The “idealistic social scientists” have less of an axe to grind than you do, I suspect. Furthermore, you conflate two issues-the ban on gifts and the generic prescribing law. There is good evidence for both laws. For the gift ban, you cite the evidence presented by social science in the same breath as you dismiss it, without any good evidence to contradict it; why is that? Regarding generics, I know as well as you do that in most situations, one PPI (medication for acid reflux, for the non-physicians in the audience) is the same as any other; one H2 blocker (different class of meds for the same problem) is the same as any other, most NSAIDS (ibuprofen-like drugs) work about the same barring differences in kinetics, and there hasn’t been any good evidence that any of the phenytoin (seizure medication) formulations work better than any others as long as levels are monitored. The list of acceptable substitutions goes on and on. There is *no good reason* to use brand name drugs in most instances. In rare cases there may be, and if you care for one of the rare cases, you should have to justify your use-extraordinary claims demand extraordinary evidence.
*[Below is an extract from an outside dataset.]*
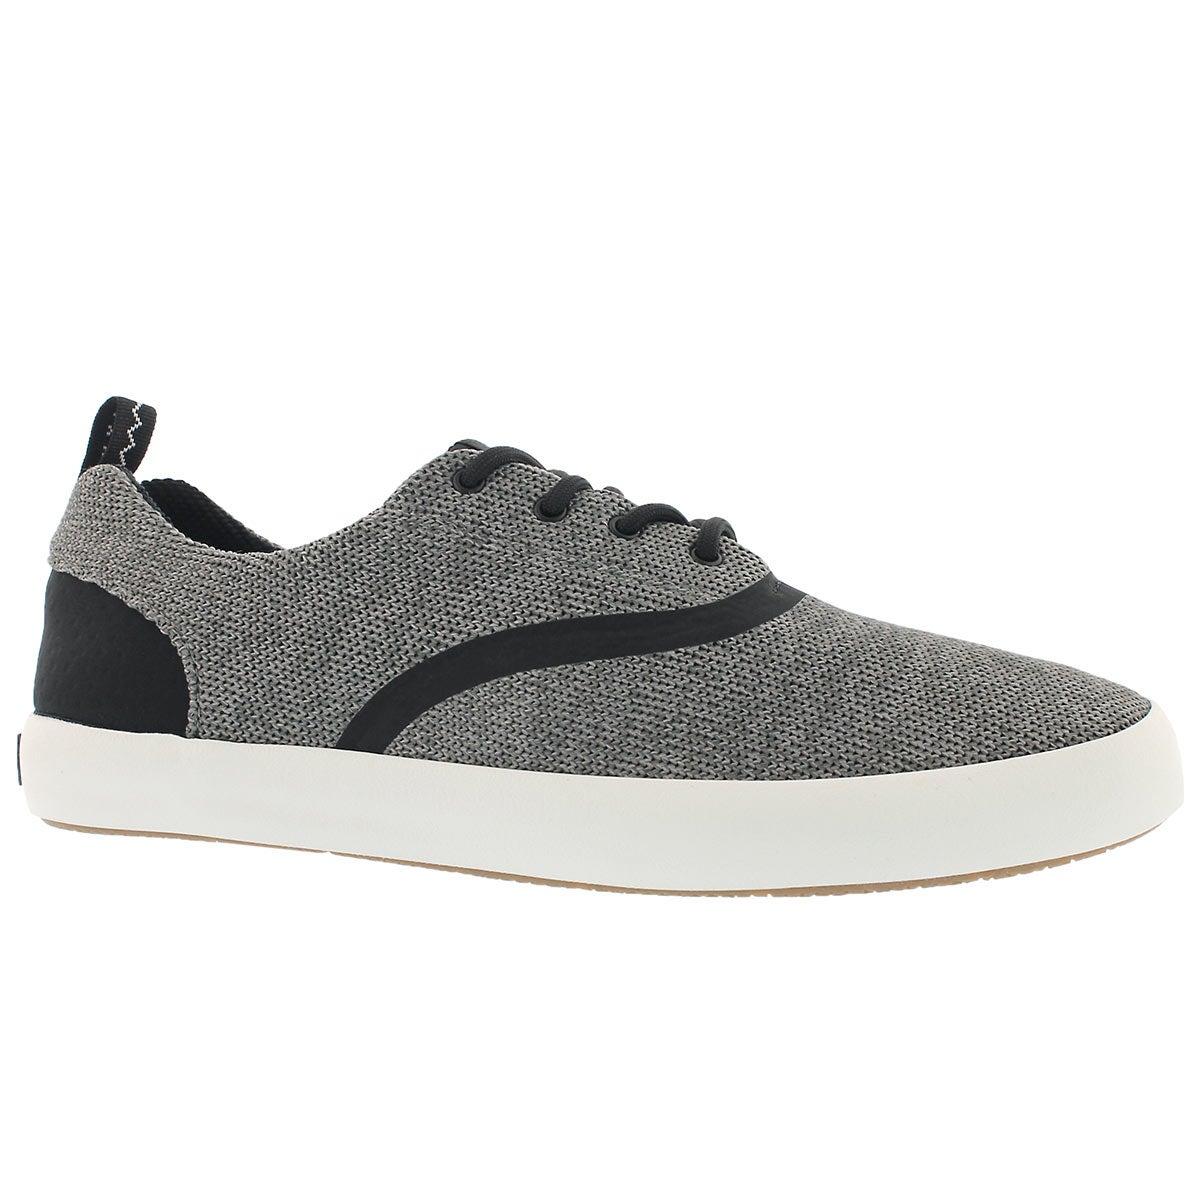 Men's FLEX DECK CVO black/multi lace up sneakers

I find your essay arrogant and confused in its reasoning. Arrogant because you are clearly unhappy that anyone could think you would be swayed by gifts and smooth talk, when the evidence says that you are only human, and all humans are swayed by gifts and smooth talk. You seem to think that physicians are somehow immune to the blandishments which work on lesser mortals. Well, I’ve been to medical school, suffered through the torturous apprenticeship which is residency (in emergency medicine), and practiced emergency medicine for 16 years, and as yet I have not found myself a higher, or more enlightened person because of it; nor have I noted that my colleagues are in much better case, much as I respect them (and you, as one who has done the same). We are men and women just like our patients; education and training has not gifted us with better personalities, merely better knowledge.

Moreover, you confuse the issue of gifts with the issue of generic substitution, which is unhelpful at best, and deceptive at worst. If brand names are better, then I expect you (or any other defender of the practice) to cite evidence suitable for publication in its defense. The plural of anecdote is anecdotes, not data; no matter how many patients you’ve personally seen with the problem, it has not, when studied, risen to the level of evidence. Perhaps you are subtly sabotaging your patients expectations? After all, the one constant in your prescribing outcomes is you.